That's the sweet spot for agents—especially when the work is mentally draining but doesn't require deep expertise every time. Think of your agent as a thought partner that can prep updates, reframe info, surface insights, and keep tabs on what's changing.

AI agents aren't right for every workflow, though. Sometimes traditional automation fits the bill better, especially when you need precision and predictability. But if you're comfortable letting the system improvise a bit (drafting copy, summarizing updates, triaging requests), an agent is often perfect.
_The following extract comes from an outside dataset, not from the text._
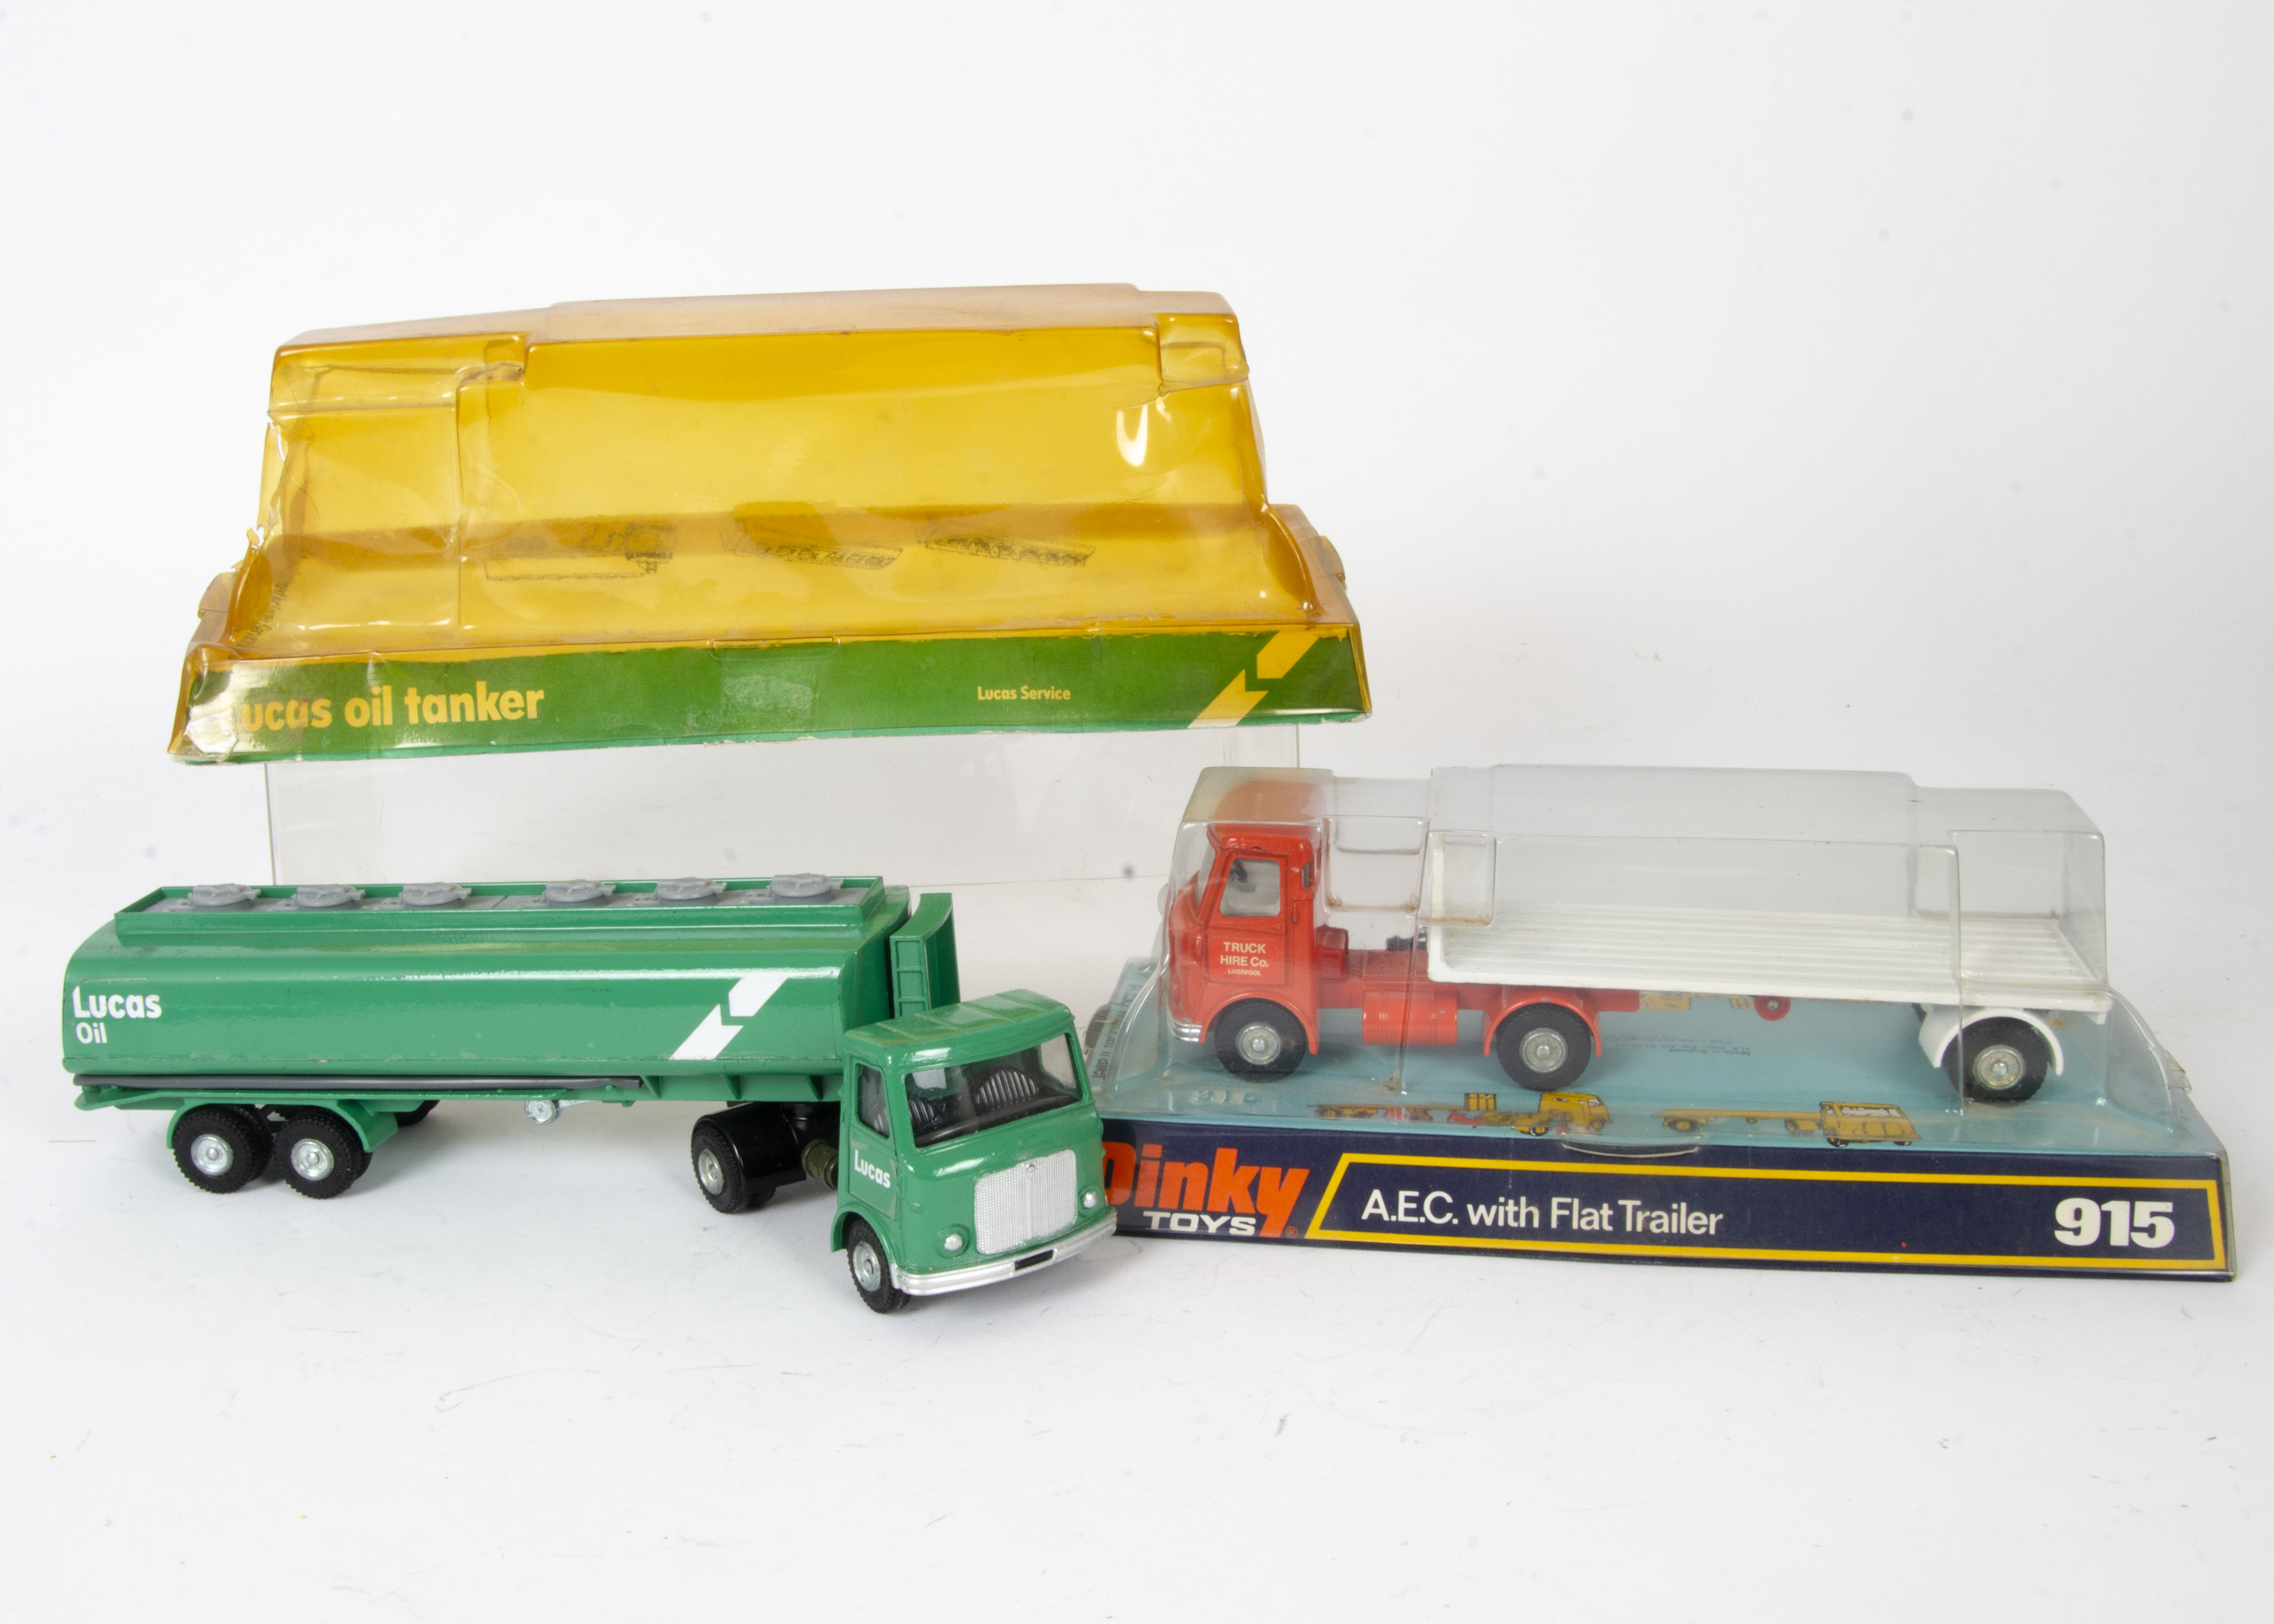 Dinky Toys 945 A.E.C ~Lucas Oil~ Tanker, promotional model, green cab and tank, bare metal hubs, 915

If mistakes are costly (billing changes, strict data formatting, compliance-sensitive workflows), you'll want the precision and predictability of a Zap. Or better yet, the best of both worlds: a Zap that includes an AI by Zapier step inside it, so the structured parts stay deterministic, and the judgment-heavy parts get handled by AI. Either way, Zapier gives you the governance layer to stay in control with scoped permissions, OAuth-managed connections, and full visibility into what your agents are doing and what they can touch.

Start with low-stakes workflows

It's normal to feel overwhelmed and reluctant to jump into the deep end. I, too, blanch at the thought of giving a new agent the power to post whatever it wants to the company Slack's #general channel in my name.

That's why the fastest way to build confidence is to start with low-stakes workflows where the worst-case scenario is "meh, that summary wasn't perfect." Here are a few beginner-friendly starting points:

  • A document summarizer that pulls from one trusted source (like a Google Doc)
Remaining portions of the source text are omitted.